Top root block(s) wear leveling

MaJerle commented 3 months ago

Reading the design guide, specs and some of the topics, it is not fully clear how littlefs manages the root block on a physical disk with wear leveling. My understanding of the COW and backward linked-list + CTZ-lists is that if we append data to the file, we are effectively increasing number of blocks, therefore the root must also be updated to point to the latest entry in the list.
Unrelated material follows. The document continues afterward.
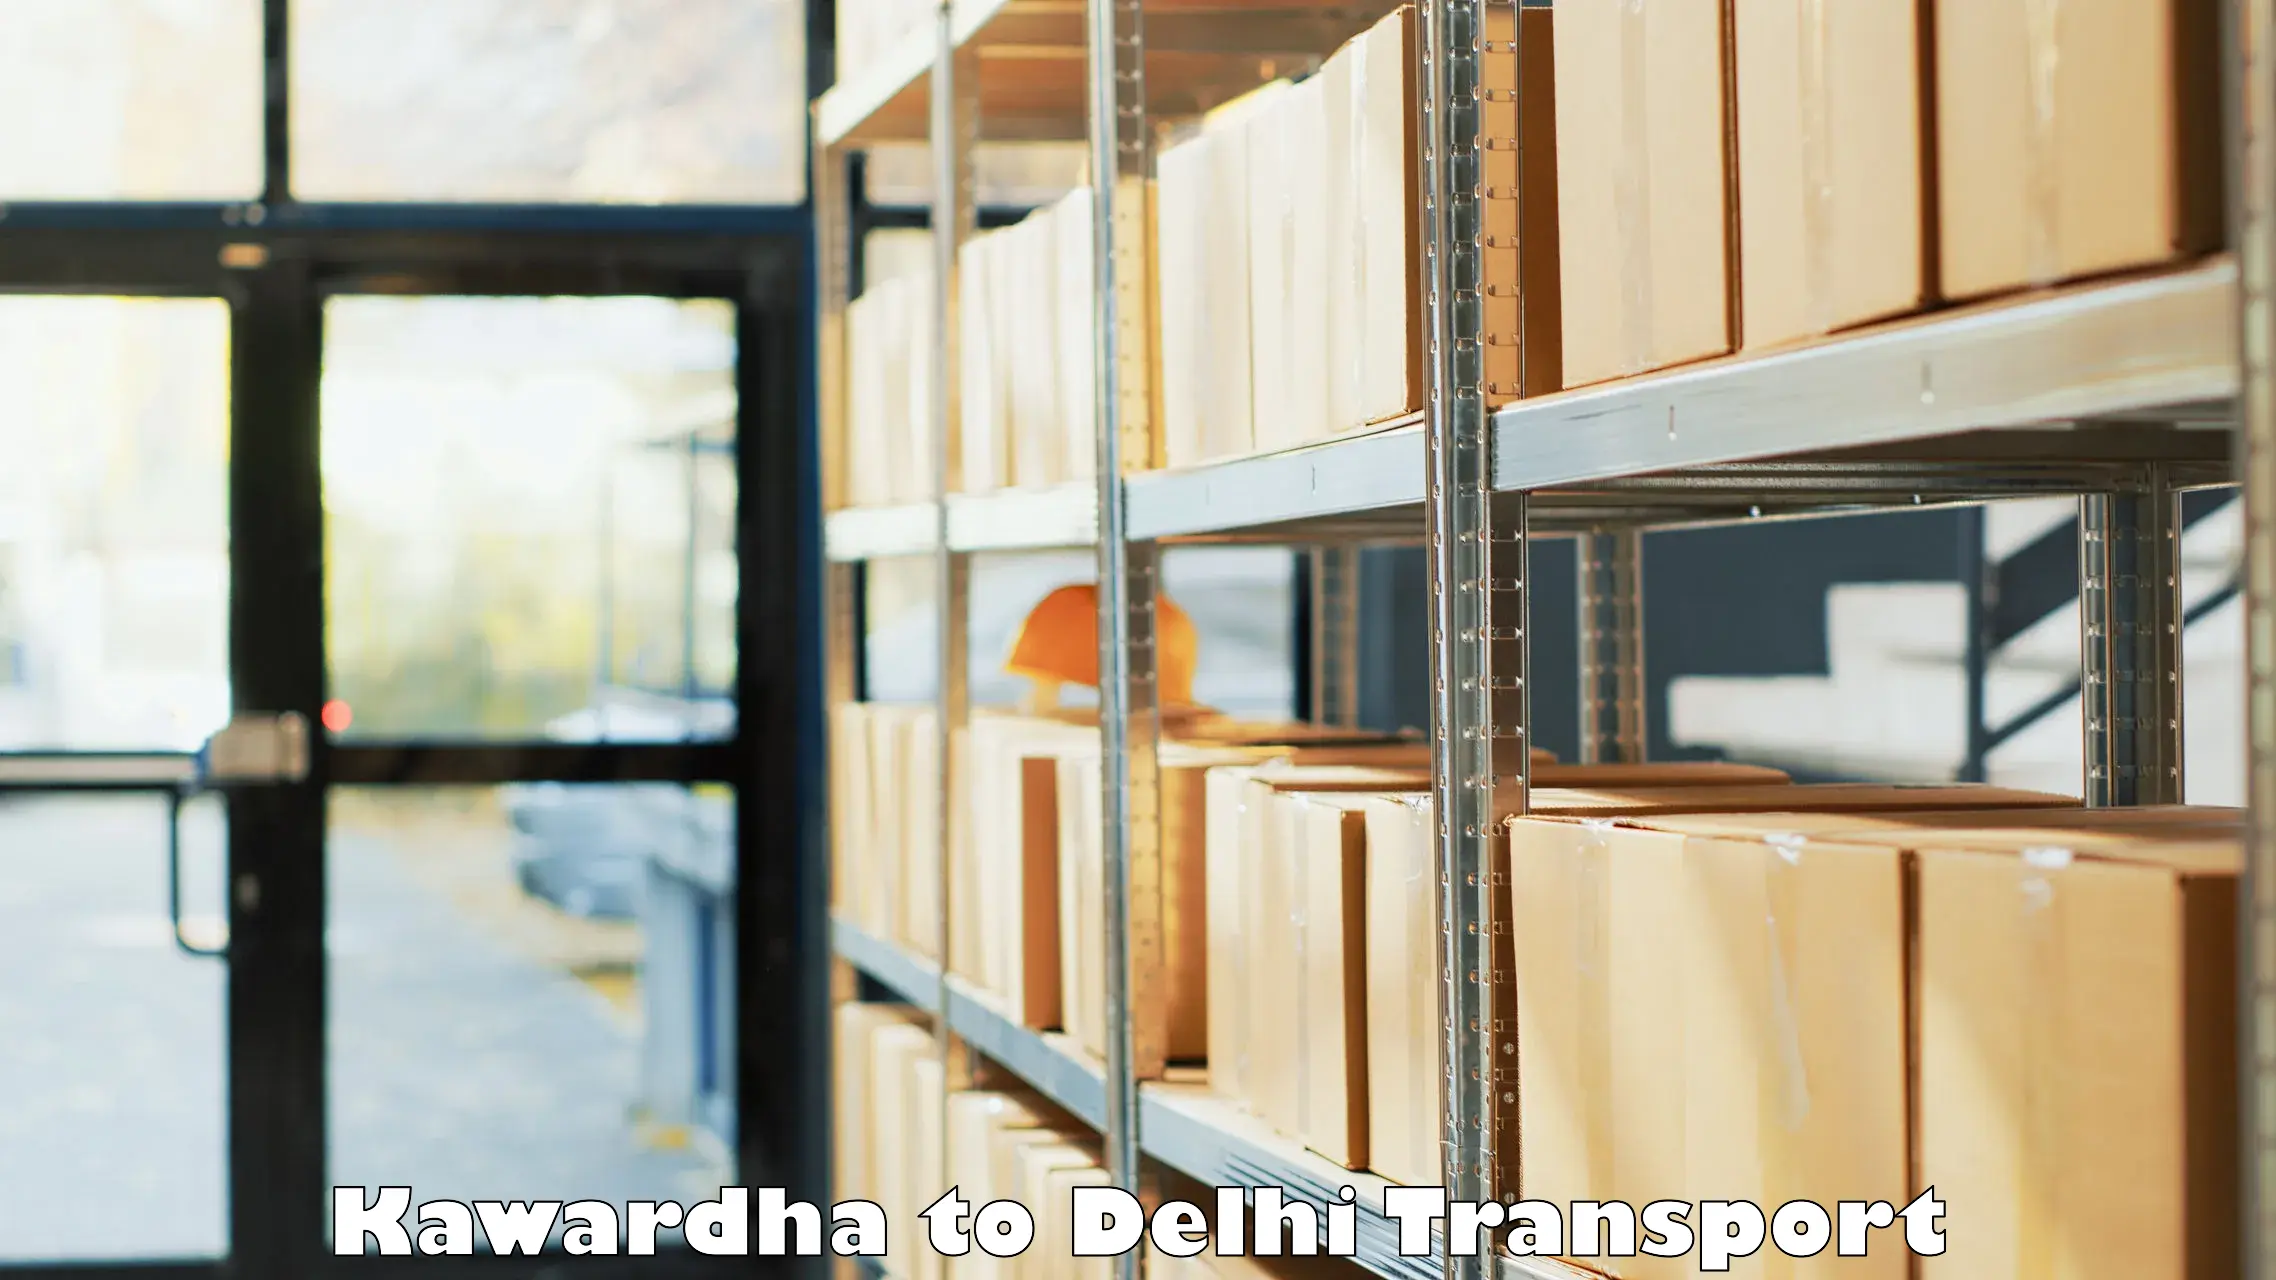 Transportation solution services Kawardha to Delhi

Some questions I'm unable to answer:

How does wear leveling work for root blocks?
Will littlefs perform a scan of full disk (all blocks) and find most recent root information, before doing anything else?

EternityForest commented 2 months ago

As far as I can tell, the root block points to the root directory.

Every time we change the root dir N times, we have to move it, which would require rewriting the root block.

The spec IIRC says the superblock is only rarely written, when the root dir needs to be moved.

But N is usually like 1000, so it usually works just fine?

Seems like if you regularly changed stuff in the root dir, you could have an issue after hundreds of millions of changes, so perhaps the documentation should tell us to keep frequently changed stuff in a subdir?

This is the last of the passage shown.